I’ve had another long term “surprise sale” recently come to a conclusion just this past Monday. Back in May I read my poem “Sisyphus Crawls” (another Claire-dare piece, now available in the latest issue of Fantastique Unfettered) aloud to the audience at No Shame Theatre here in Roanoke. Afterward a fellow named Luke Davis approached me and told me he liked the poem so much he’d happily pay me for a hand-written, framed version of it.

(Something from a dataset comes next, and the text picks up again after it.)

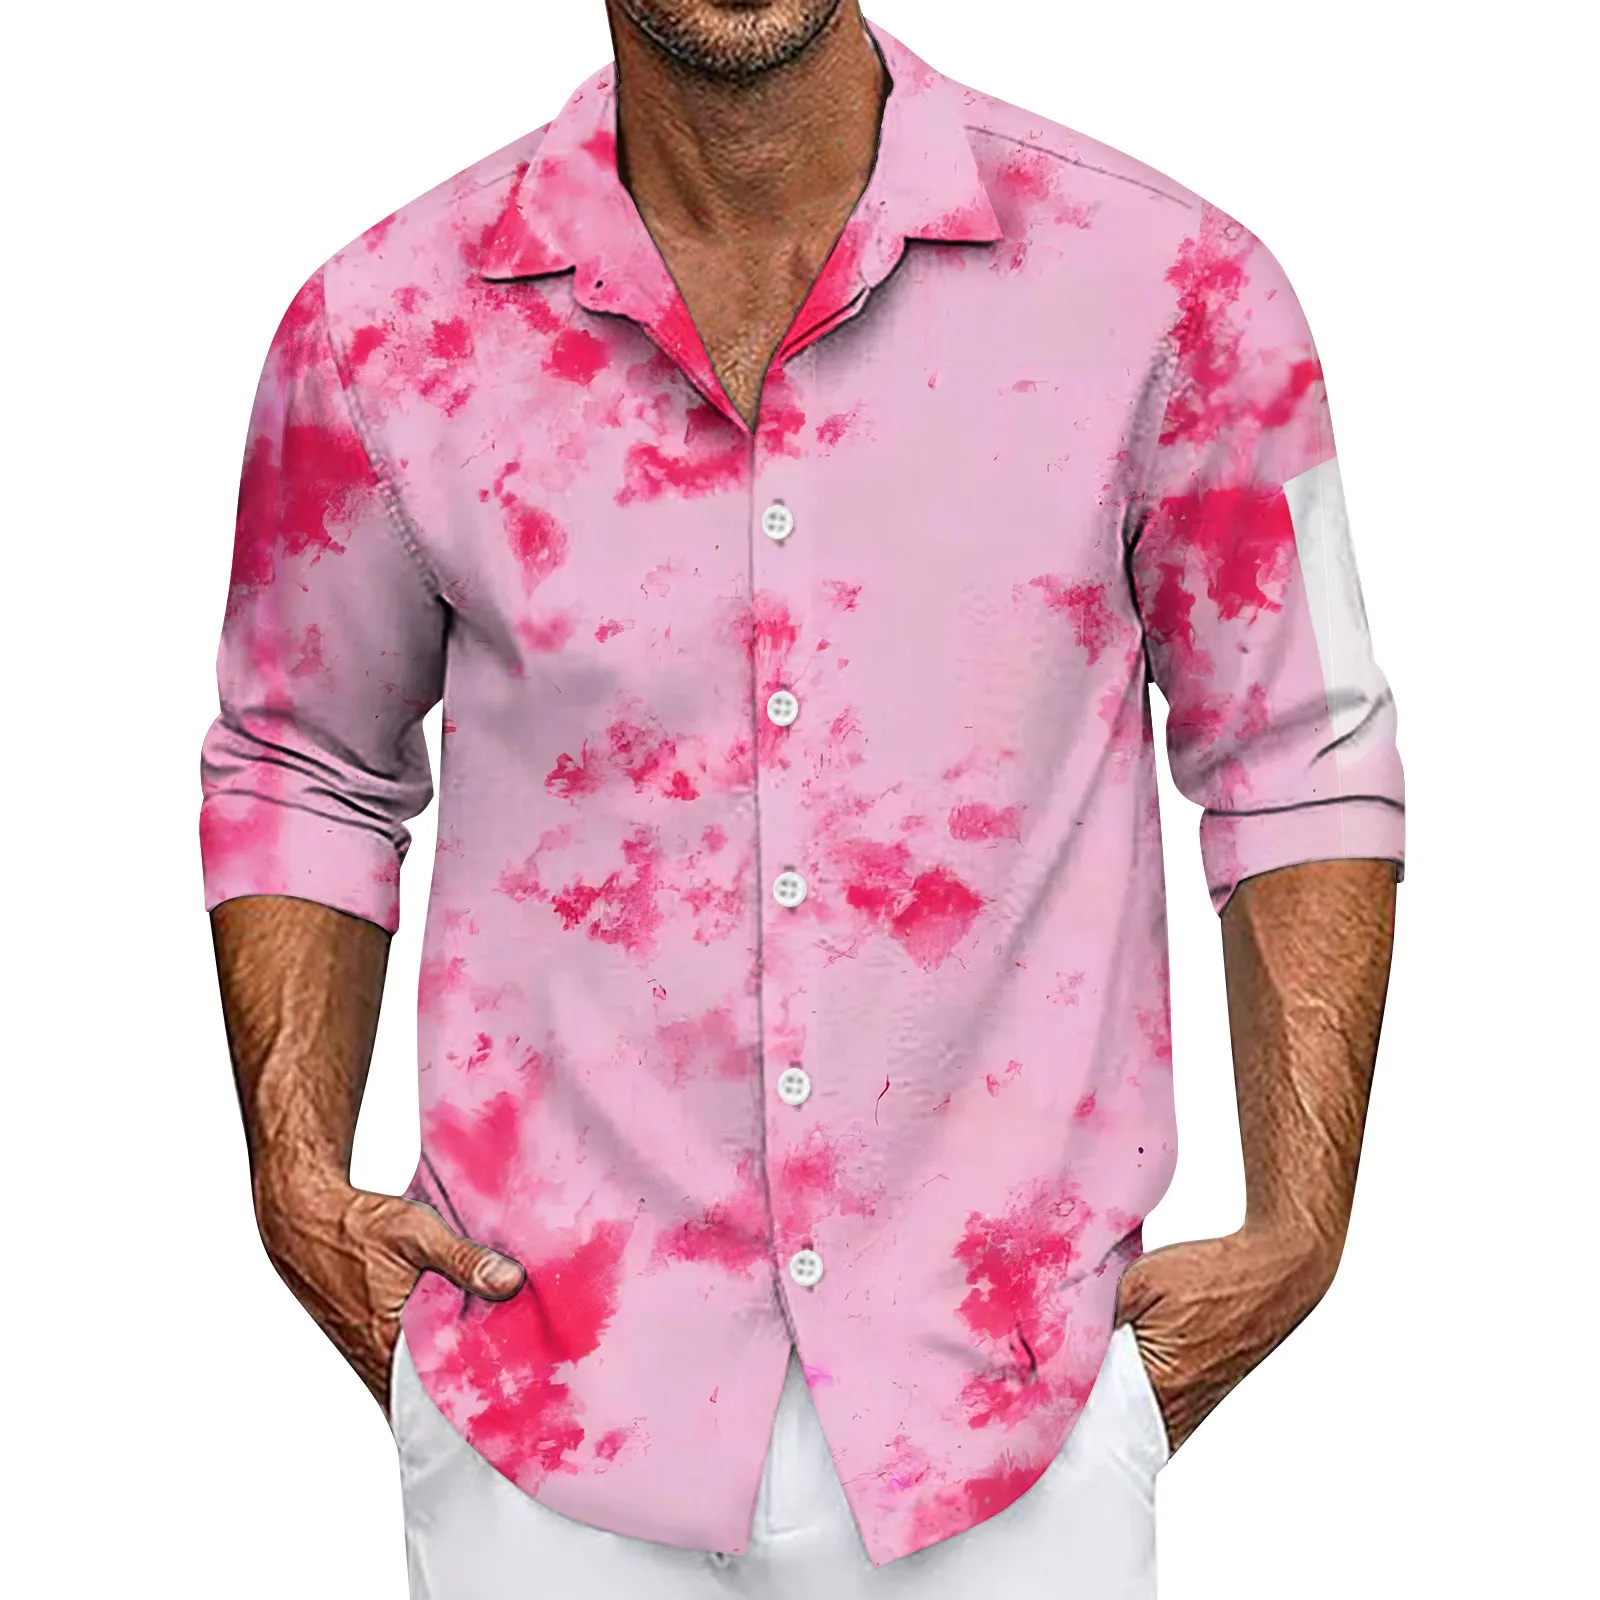 

Мужская рубашка, модные красивые рубашки для мужчин, низкая цена, отложной воротник, длинные рукава, принт, Мужская блузка, спортивные мужские рубашки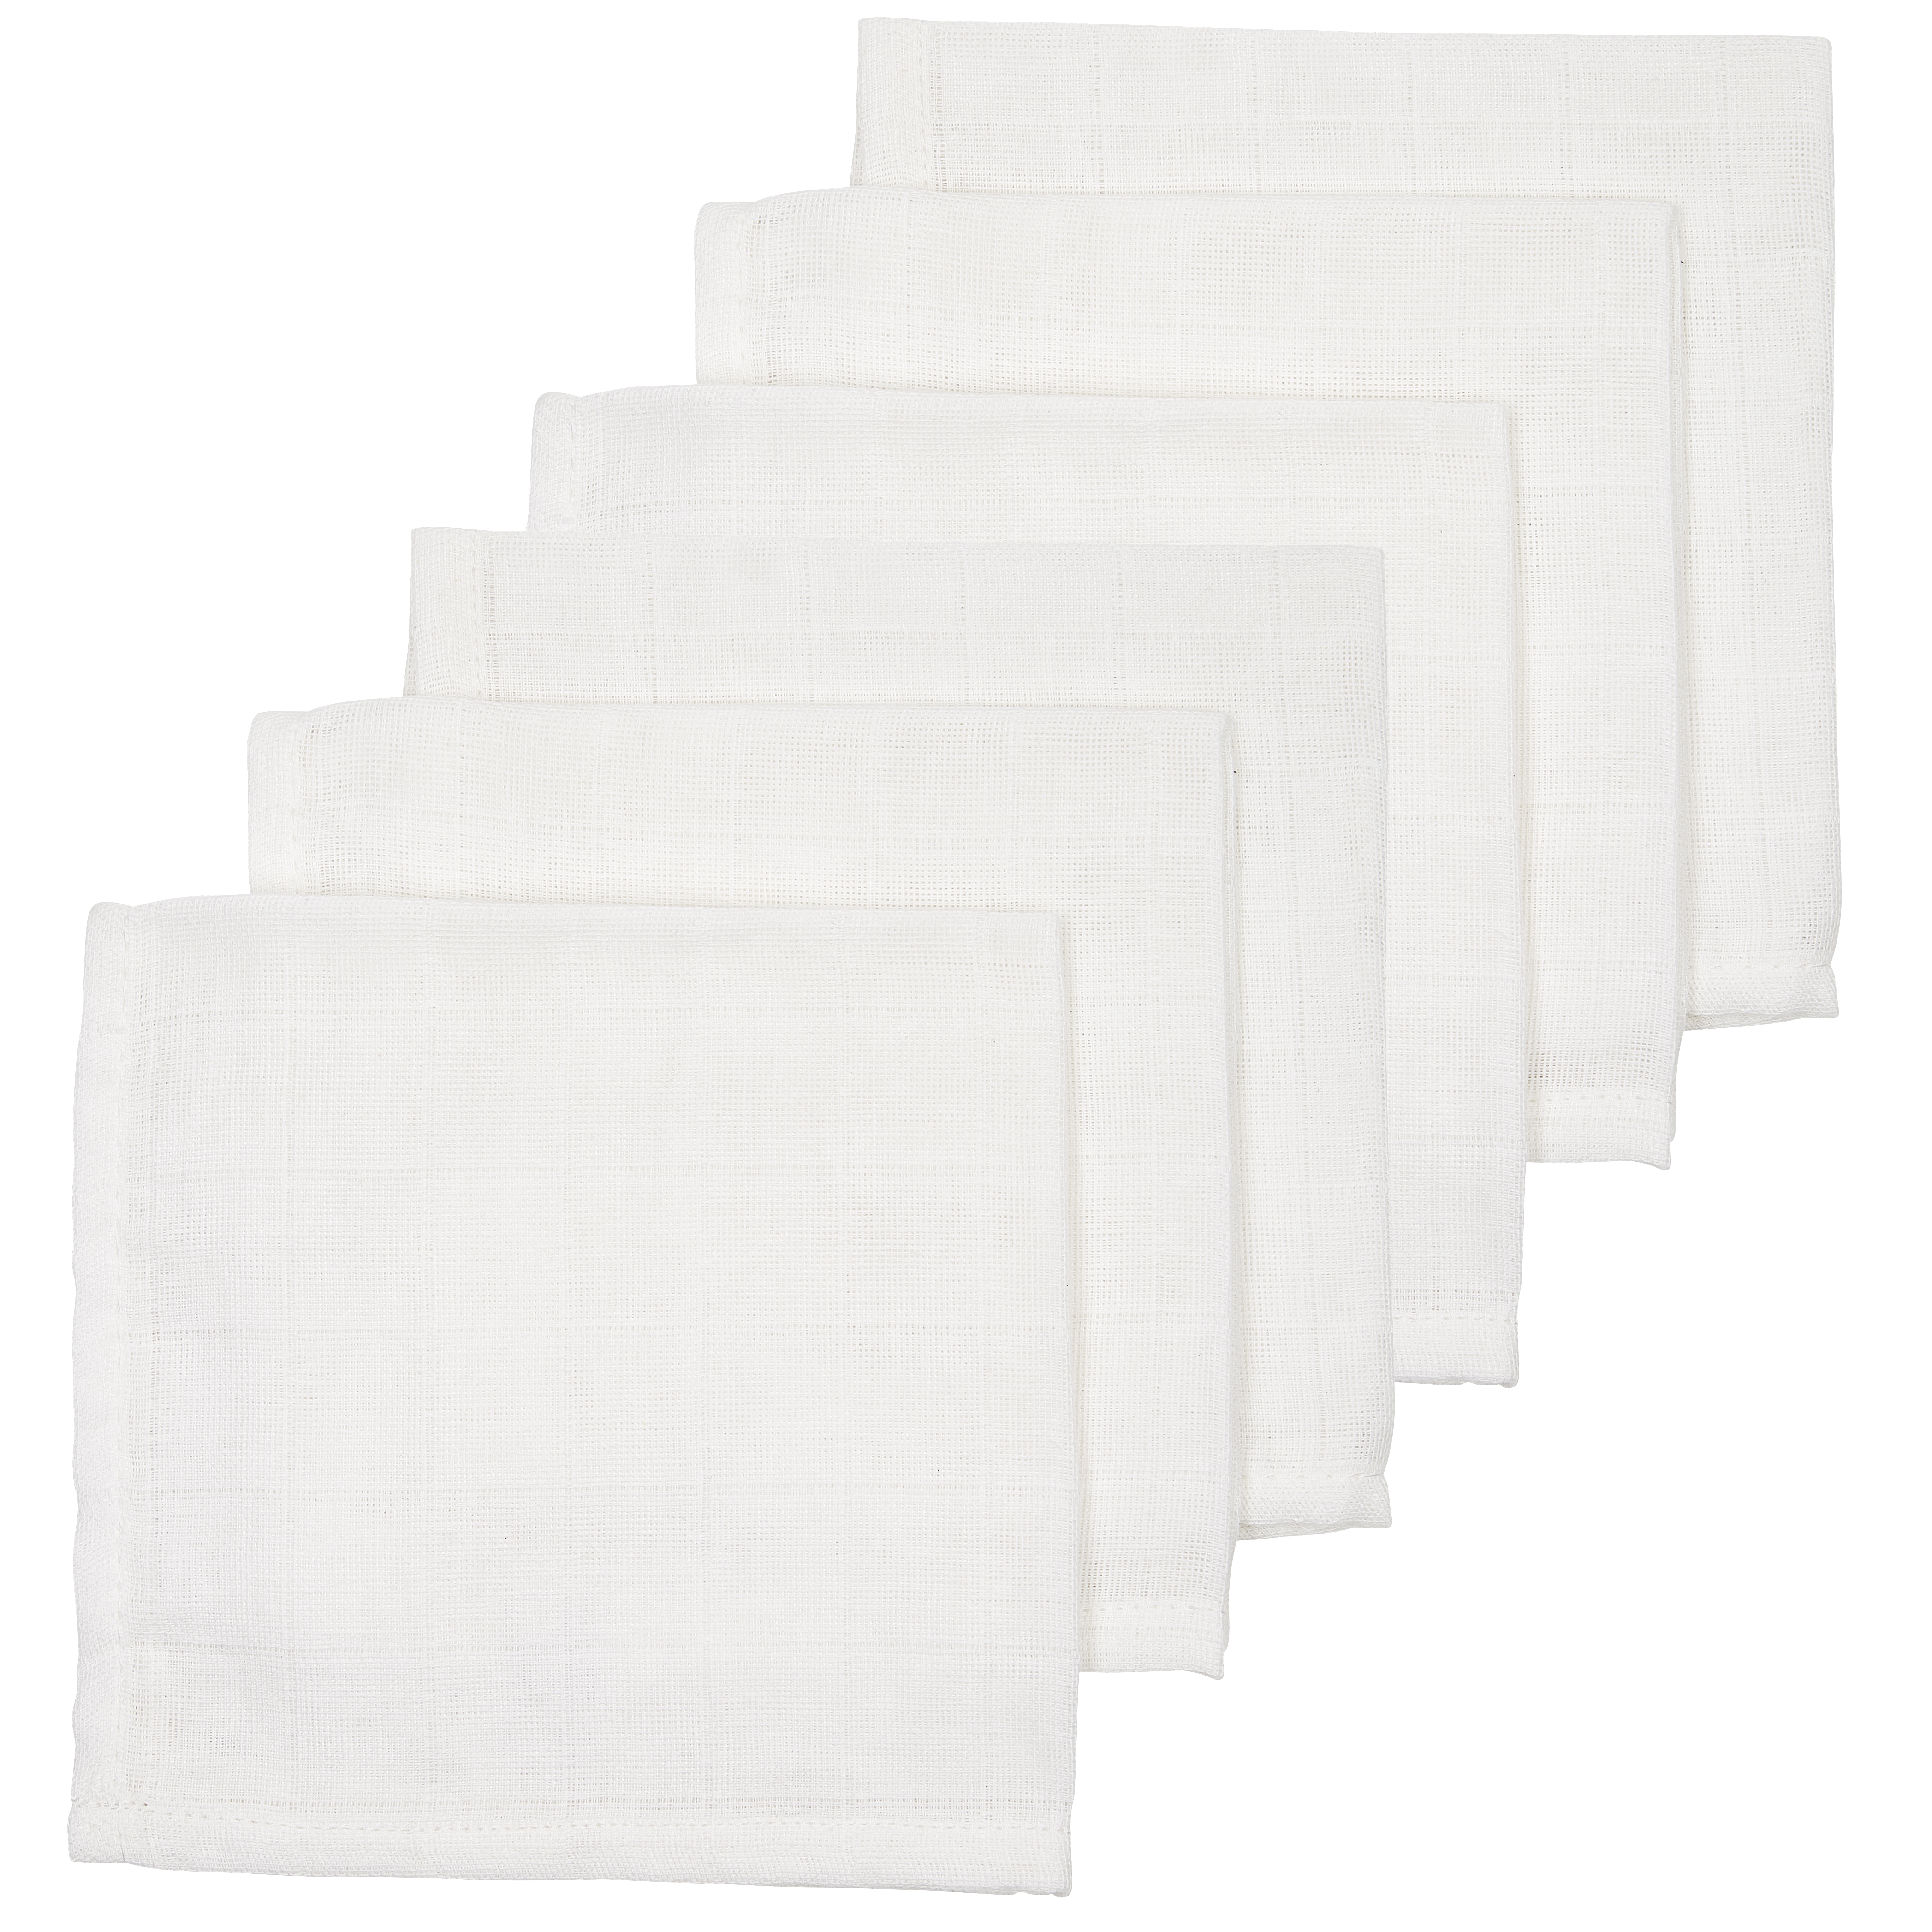 Organic Muslin Face Cloths 6-Pack - White - 30X30cm

It took me a long time to get around to doing this. Part of it was all the work I was doing rewriting my first novel. Part of it was that, though I have a vestigial visual arts background — I started college as an art major, didn’t figure out writing was what really interested me more than anything else until my senior year — creating this piece was something now so far outside my usual paradigm that I couldn’t quite get my mind around it.